One way to improve APS is to use walking navigation technologies which mainly use GPS (Global Positioning System) to determine the location of users [
2,
3,
4]. However, this solution has limitations. The standalone GPS determines position with an accuracy of 5 to 10 m [
5], but this can go up to 7 to 13 m coverage position error using a Smartphone in an urban environment [
6]. In many countries, the width of a single carriageway with two lanes is 5.5 to 7.3 m and the width of a dual carriageway with two lanes is 14.6 m [
7,
8]. Because the width of these roads is within the margin of error of the GPS, it is not possible to know which sidewalk a pedestrian is on. Additionally, some of the applications required for such systems (e.g., lane-level positioning system, collision warning system and Geographic Information System (GIS)) require far better accuracy than that given by the standalone GPS [
9].
Another solution is to use Bluetooth, such as Bluetooth Low Energy (BLE), for positioning. Such systems have started appearing in a few countries such as Korea [
10,
11], France [
12], and the US [
13]. The pedestrian using a remote control, that pairs with a Bluetooth beacon using Bluetooth Low Energy (Bluetooth 4.0), placed at the beginning and end of a crossing, can know when to cross the road. The estimated distance from each nearby beacon is calculated by analyzing the Received Signal Strength Indicator (RSSI) from the network of beacons that are deployed at the given location.
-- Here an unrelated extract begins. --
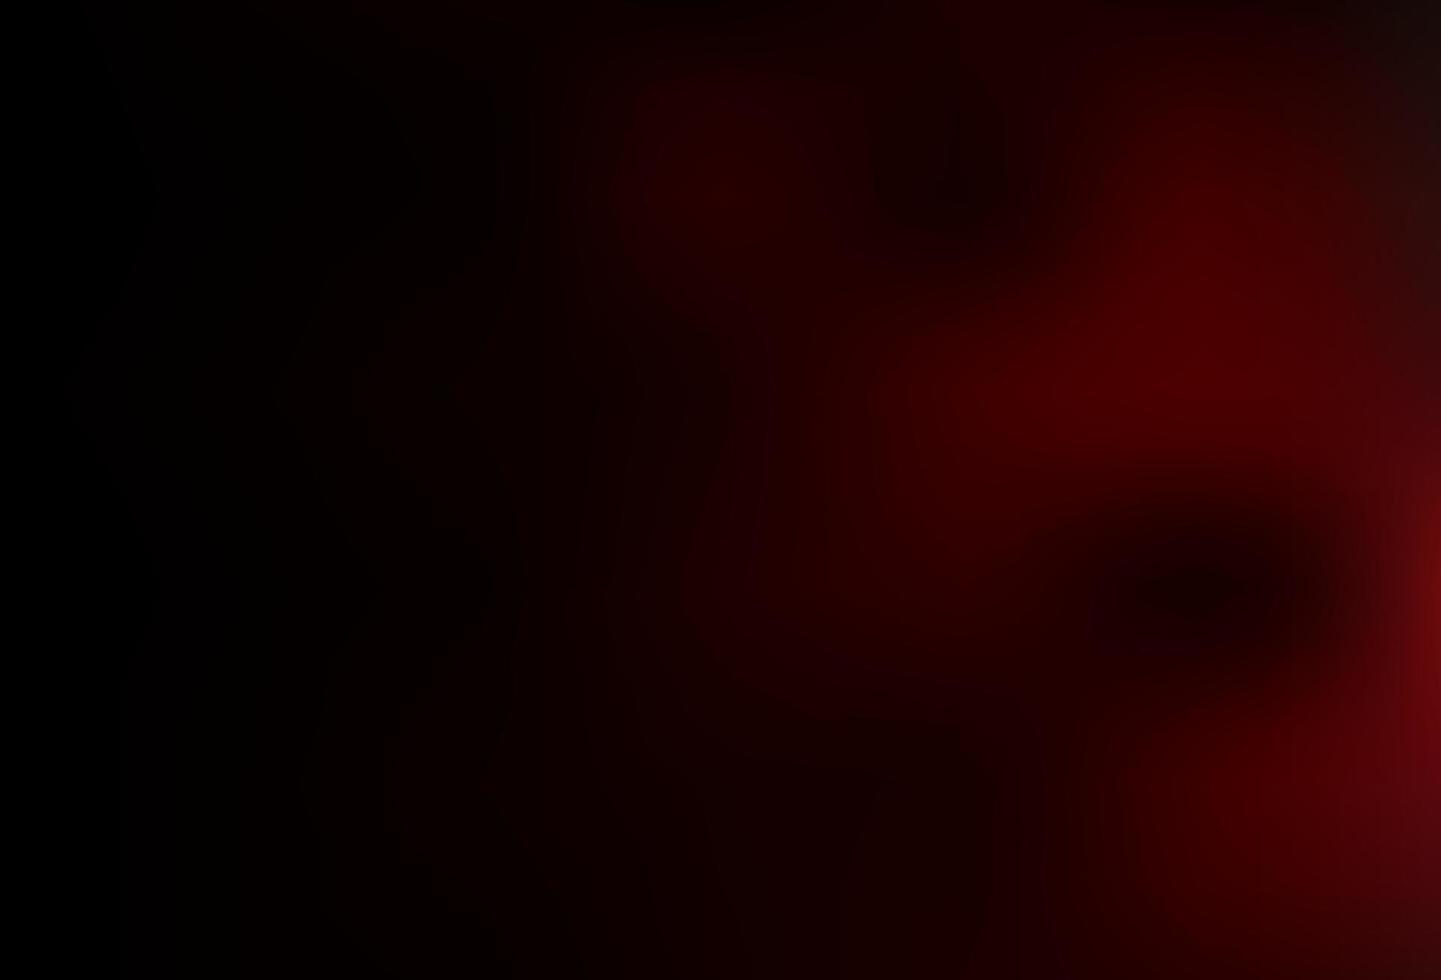 fundo desfocado abstrato do vetor vermelho escuro.

One way to measure the distance using RSSI is to calculate the distance in meters within the radius of the Bluetooth beacon [
14]. However, although such a system can be efficient in the case of a single road crossing, it becomes more challenging for the end-users in the case of complex road architectures that are typical in larger cities. In such cases, it can be challenging for pedestrians to identify which Bluetooth beacon the signal comes from, potentially leading to unsafe crossings. In order that BVI people can cross an intersection, more information is required by the system, such as recognizing the location of the intersection, recognizing the direction of pedestrians, and recognition of pedestrian signals [
15].
In this paper, we studied a method to overcome the problems of the Bluetooth system to enable accurate positioning outdoors. We experimentally verified various features with k-Nearest Neighbors (kNN) and Support Vector Machine (SVM) classifiers, which are among the most widely used machine learning classifiers, and various RSSI window sizes for moving average filter to reduce the noise of RSSI, discovering which method results in the best performance. An initial survey with end-users shows indeed that a technology that has a short response time would be beneficial, thus motivating our use of RSSI Bluetooth. After presenting our system we investigate how to tune our algorithm in a series of two studies. In the first study, we divided an intersection into four zones to test the feasibility. We achieved 99.8% accuracy using kNN with the features being the average values of each RSSI over a sliding 3 s window for moving average. In a second study, we investigated an additional machine learning classifier, the SVM, the features of which performed best when classifying the location of the person at the intersection within nine zones. We installed the system at a real-world intersection and collected data. We achieved 97.7% accuracy using an SVM with the features being the average values of each RSSI, the standard deviation, median, and IQR using a 10-point moving average. Thus, we found that the area where a BVI person is located can be detected with high accuracy in this way, using our Crossing Assistance System (CAS) measured through a smartphone. Through this, it is possible to deploy the APS to provide core information to BVI people for walking navigation by calculating their location information.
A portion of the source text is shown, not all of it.